I'm not urging complacency – far from it. Essential values are endangered from many sides: not least from the inside, as cupidity threatens to transform our entire world into a marketplace. But we have always needed to protect ourselves from avarice: it is one of the seven deadly sins, after all, suggesting it's been around for a while. Heedless materialism, the belief that everything valuable can be measured, the serious threat to the humanities and higher education on the basis that they don't generate revenue: these are not being driven by digital media or Facebook, but by the ever-increasing consolidation of wealth in the hands of a few (like Zuckerberg) and the shrinking of our fields of vision. The extreme short-termism of our thinking and our galloping historical ignorance merely exacerbate our natural tendency to see anything new as potentially apocalyptic. At the edge of the known world, there be dragons: the world becomes more frightening the more we limit what we know.
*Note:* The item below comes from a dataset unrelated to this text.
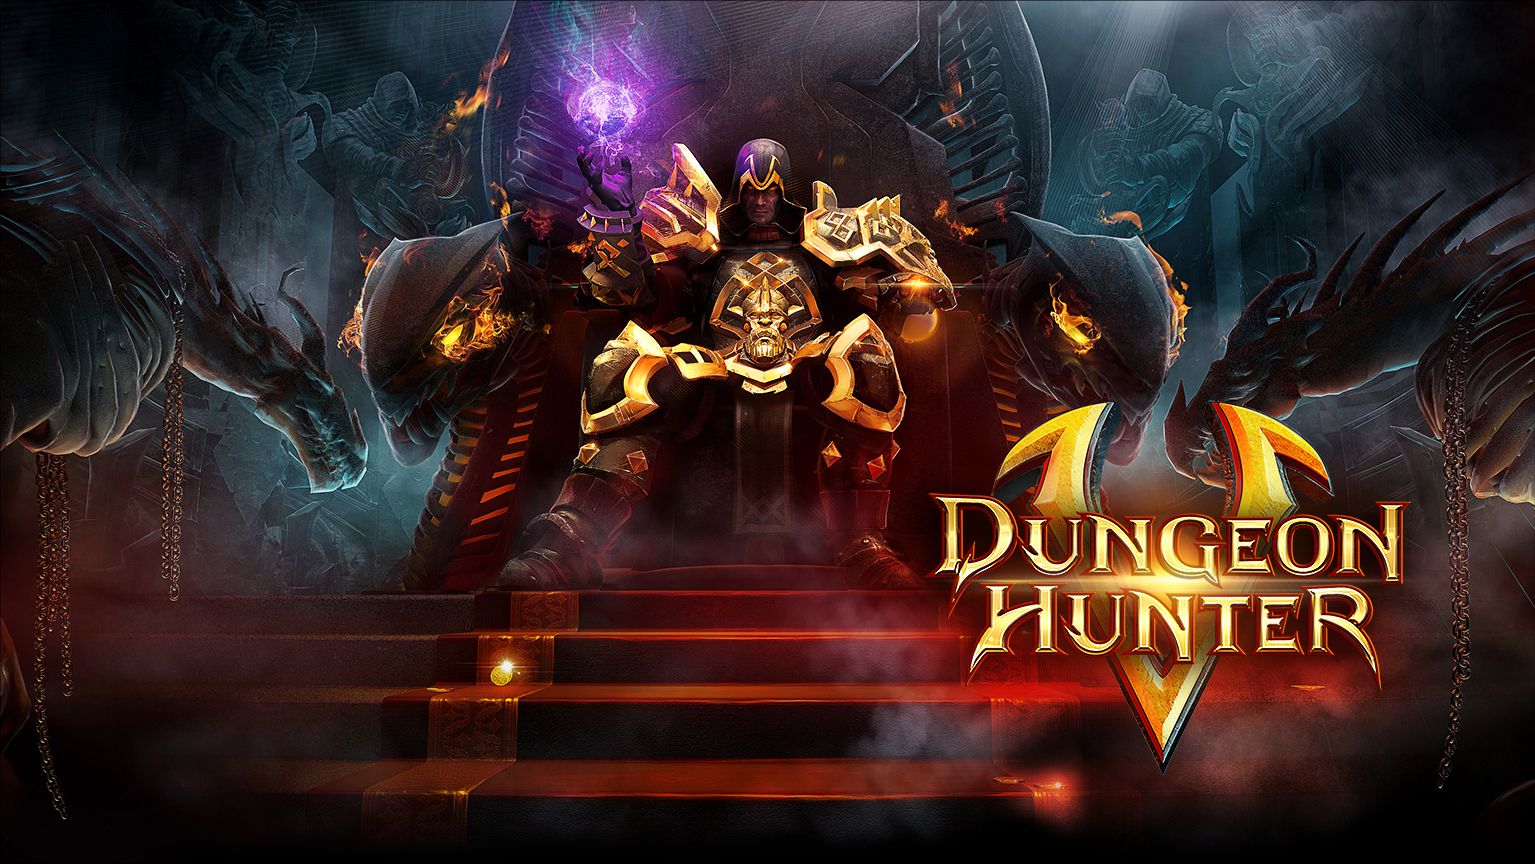 Dungeon Hunter 5, Gameloft annonce Dungeon Hunter 5 via un nouveau site officiel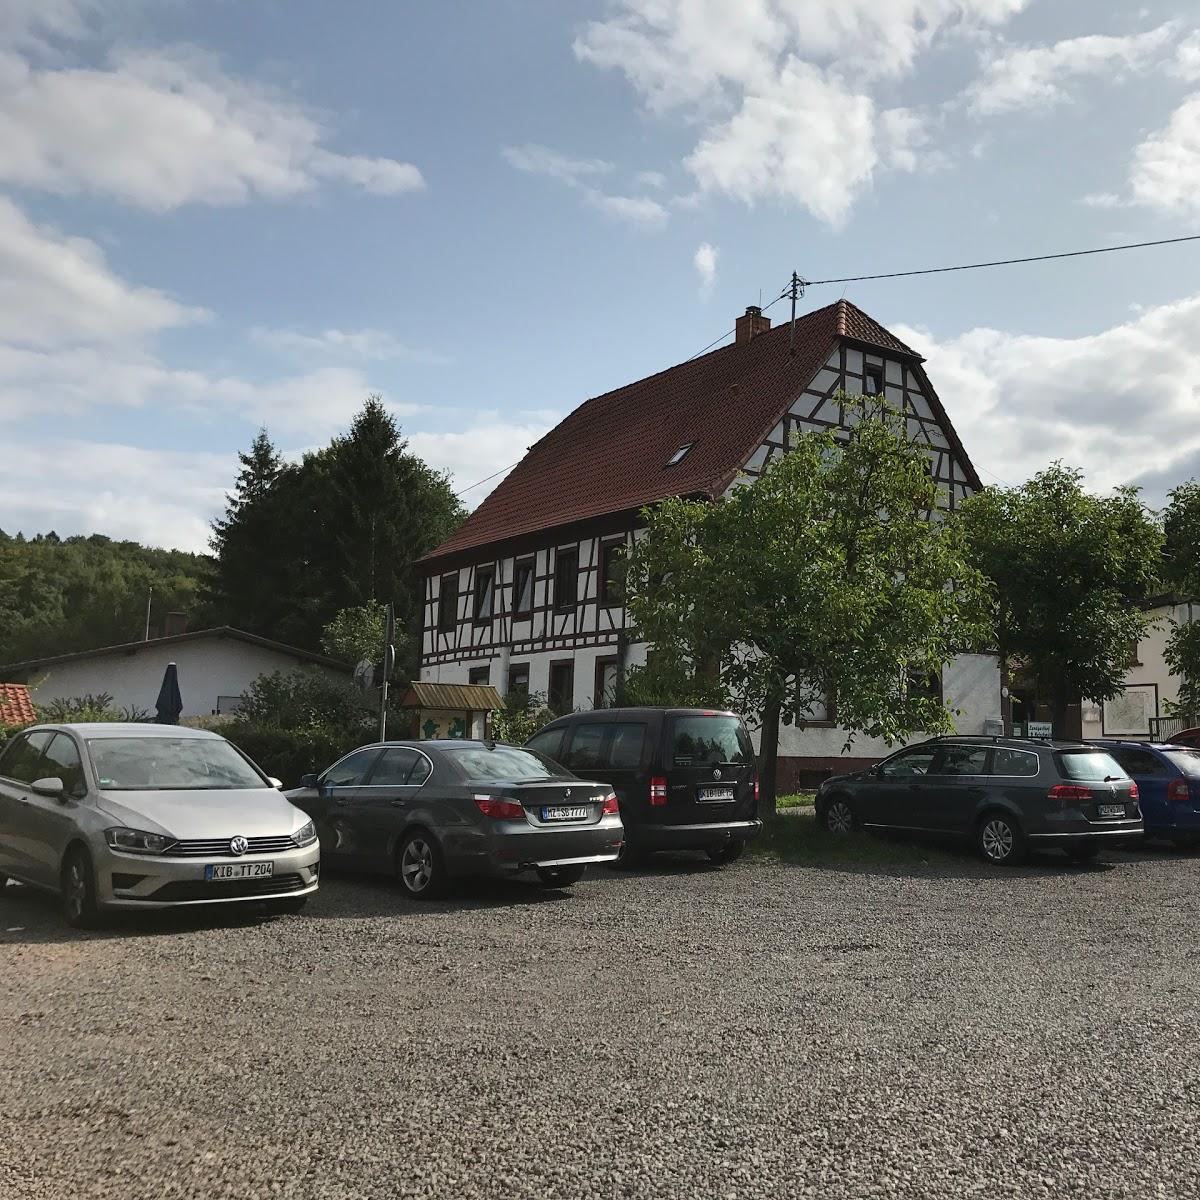 Restaurant "Landgasthof Hetschmühle" in Sippersfeld

The solution to our fears about new technologies lies not in the future, but in the past.

In April 1923, an article called The Get-There Sex began with the well-known fact that men refuse to ask for directions when driving, whereas women always will. Cars (another new technology threatening civilisation) had been widely affordable for less than a decade, but people had already figured that out. Call it a metaphor: we're always driving madly forward, but can never tell where we're going, and we refuse to ask for directions from the only people who might be able to help: the ones who've gone before us.

Our friend Edward Martin offered some sound advice: "What then does the future depend upon? Evidently it depends upon the relations of men, of the people in the world, of the nations, of labour and capital, of the different religions and their adherents. If men can only realise how much more wonderful they are than they have been used to think, how vastly greater the possibilities of life are than they have imagined ... if they can learn self-government and self-restraint, if they can learn to work together ... without the necessity of wholesale fighting, they can have everything."

That is as true now as it was in 1922 – and my bold prediction for the future is that it will be just as true in another 100 years.

Sarah Churchwell is writing a book about the events in 1922-1923 that inspired F Scott Fitzgerald's 'The Great Gatsby'.